Would the complex carbs provided by oats be a good thing to add at this time of day and after a session to help provide the muscles with fuel for bulking? Or would it just get turned into fat if the shake already has a high calorie content?

Thanks guys


----------



## Five-O (May 21, 2006)

GSleigh said:


> Hey folks.
> 
> Reading a lot of threads on here and it would appear that people love to throw some oats into their diet and their are a lot of threads on where to buy them. If the cheap supermarket stuff is as good as the stuff from supplement shops etc...
> 
> ...


Not really, glycogen replenishment is the key after training, oats are slow release carbs, you need fast acting carbs, like Vitargo, wms, dextrose.

Oats would be better consumed b4 training, maybe 1:30min b4, thats when I seem to get the full force of them and help with training.


----------



## Kezz (Sep 3, 2007)

I have always had em after training, i put 50g of oats in with 50g of whey and a couple of teaspoons of golden syrup, bloody well nice!!!!


----------



## Five-O (May 21, 2006)

Kezz said:


> I have always had em after training, i put 50g of oats in with 50g of whey and a couple of teaspoons of golden syrup, bloody well nice!!!!


Its not that it won't work, a mate has oats in his shake even after shooting insulin, but id want something faster acting.
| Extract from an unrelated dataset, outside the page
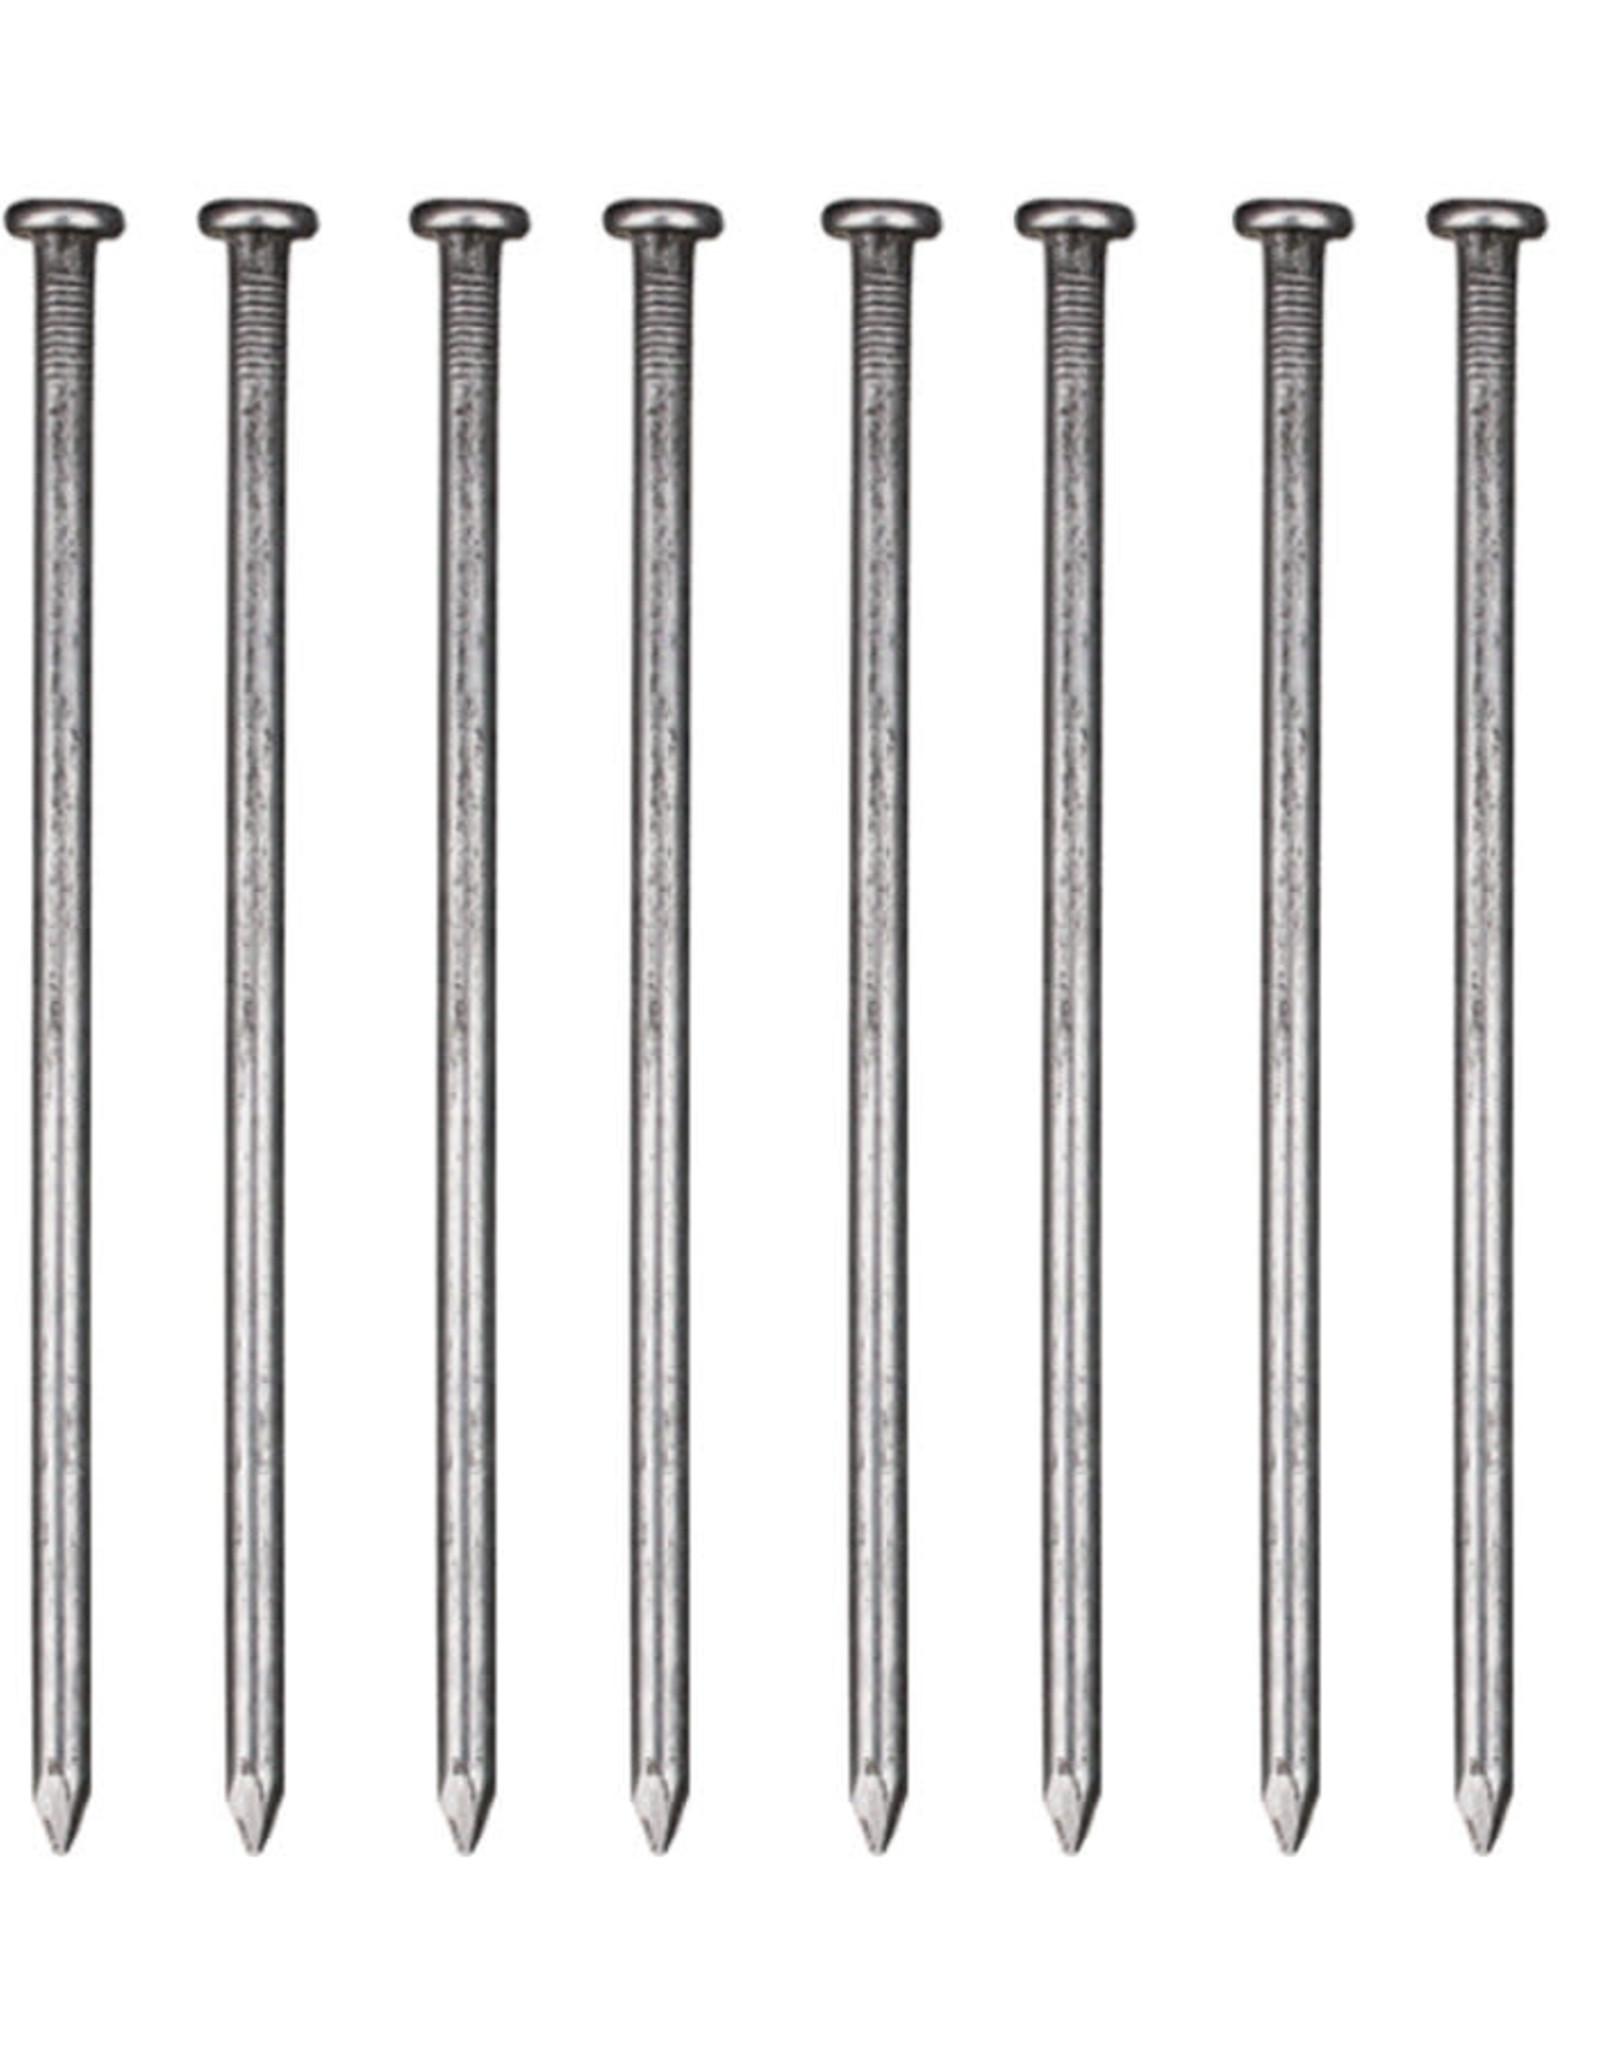 "SEK Surebond SEK SUREBOND 10"" Steel Spikes, 150CT Box"

For the cost of dex compared to oats, which is roughly the same, id go with simple sugars, or maybe a mix?


----------



## Kezz (Sep 3, 2007)

yeah i know its better to have faster carbs but when i am dieting i split my daily amount of carbs into two, first half in the morning and second straight after training as i am so bloody hungry by then!! normaly i will just have a pro recover or something similar


----------



## GSleigh (Jan 22, 2008)

Hmmm.. slow release V fast release...

Yea my Reflex instant mass i believe is a mix of both types...

oats before training wouldnt be a problem as i can add some to the chicken & rice i already eat.

What other fast acting carbs would be good for after a gym sessions then? (non supplement based)


----------



## Five-O (May 21, 2006)

GSleigh said:


> Hmmm.. slow release V fast release...
> 
> Yea my Reflex instant mass i believe is a mix of both types...
> 
> ...


fruit is digested within 20mins within the intestines, but thats fructose, which some supps are using these days.


----------